Hal yang akhirnya biasa. Maksud saya kita terbiasa melihat tulisan pada undak-undakan, yang mengarahkan lajur naik dan turun pengguna. Misalnya di halte Cikoko, Jalan M.T. Haryono, Jaksel.
Persoalannya, apakah hal itu dipatuhi? Butuh waktu. Jika sekolah mengajarkan sejak dini dan kita memberi contoh, dalam era cucu kita kelak soal beginian sudah beres.
Hal sama terjadi pada eskalator. Tanpa tulisan pun mestinya setiap orang paham bahwa dalam suasana ramai pengguna lajur kiri untuk orang yang diam, yang kanan untuk orang yang naik eskalator sambil melangkah. Misalnya di stasiun.
Soal eskalator ini memang sulit. Orang yang bersama Anda, apalagi pasangan, bisa saja tetap ingin jejer berdua. Padahal posisi macam itu menghalangi orang lain.
Solusi bagi orang lain yang ingin bergegas? Bilang maaf, permisi anu anu anu. Kalau tak diberi ruang bersabarlah. Bukankah sebentar lagi sampai? Ya, tetapi Anda mencontohkan eskalator dari lantai satu langsung ke lantai tiga. Apa boleh bikin.

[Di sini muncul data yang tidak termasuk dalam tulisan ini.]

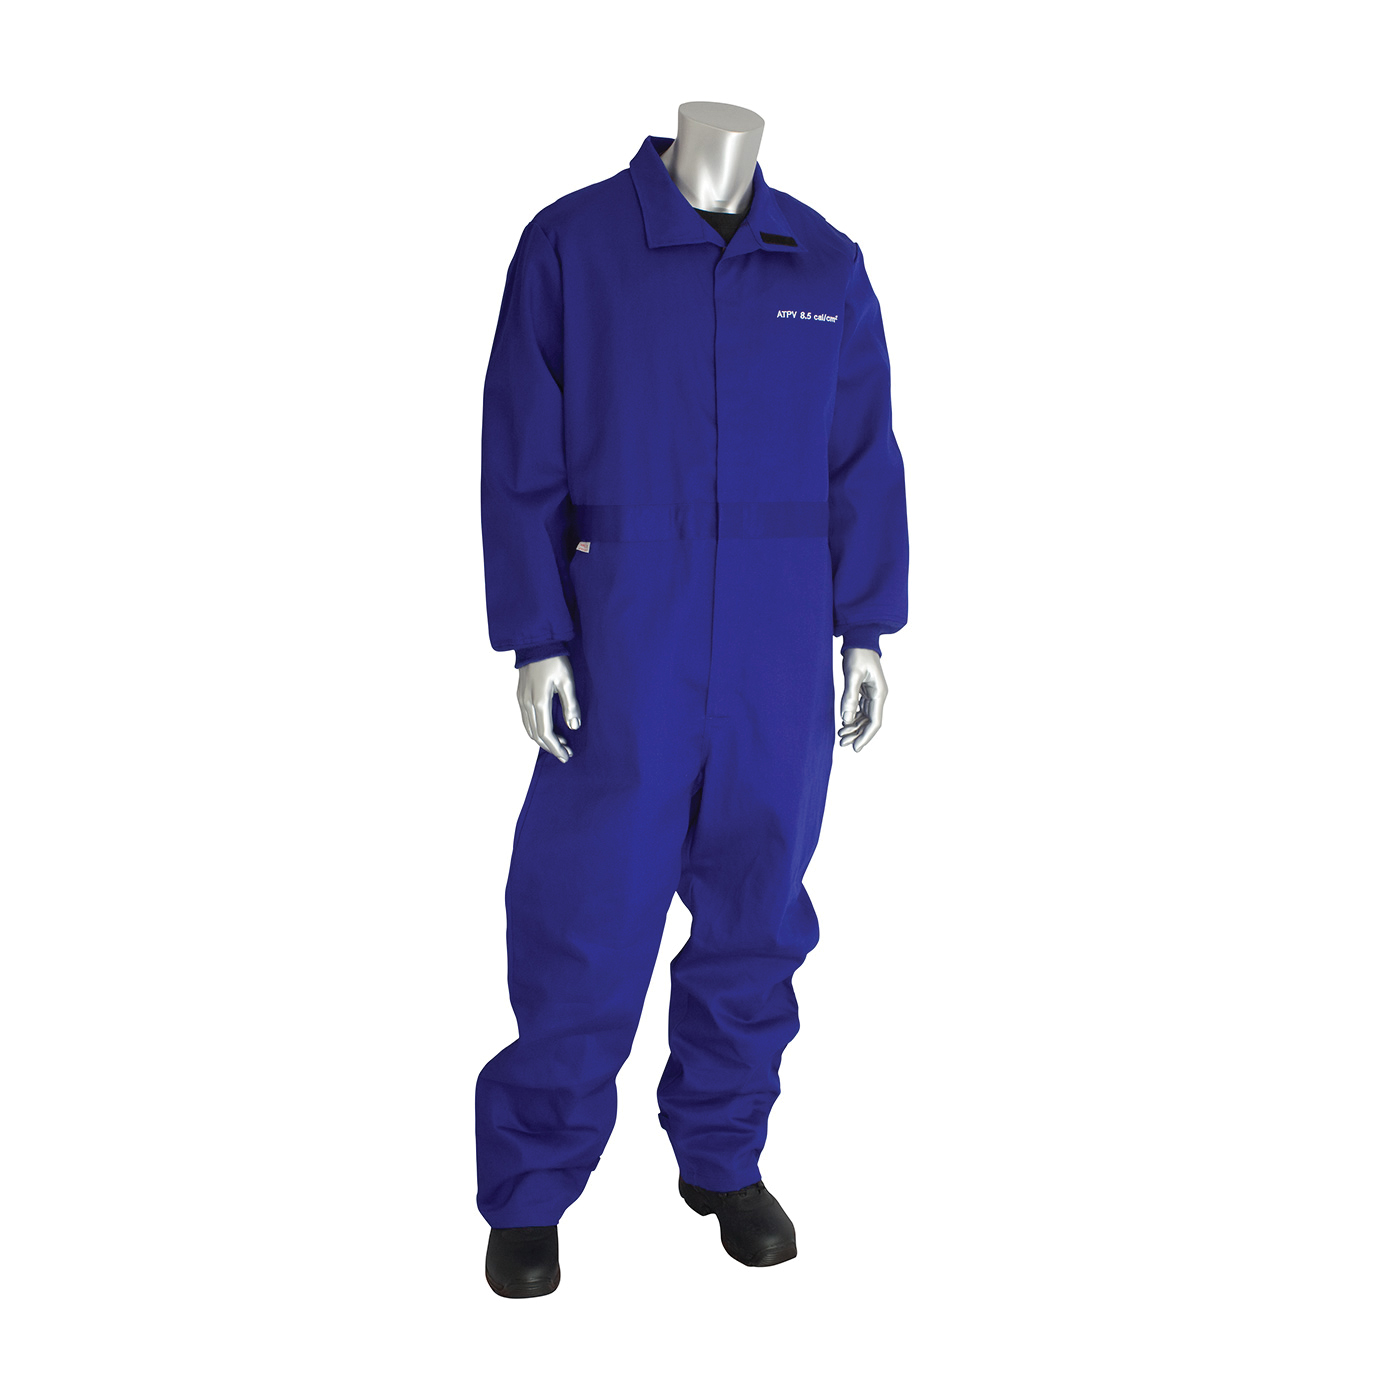 PIP® 9100-2120D/M Flame Resistant Coverall With Vented Back, M, Royal Blue, 90% Cotton/10% Nylon/FR Twill Weave, 40 to 42 in Chest, 32 in L Inseam

Kembali ke undak-undakan, saya pernah menjumpai pembagian arus naik turun tak menggunakan prinsip lalu lintas lajur kiri melainkan kebalikannya. Mungkin pengelola gedung punya alasan. Padahal secara naluriah, di tempat tertentu, misalnya JPO, saat berpapasan dengan orang kita menempatkan diri di kiri, seperti berkendara di jalan.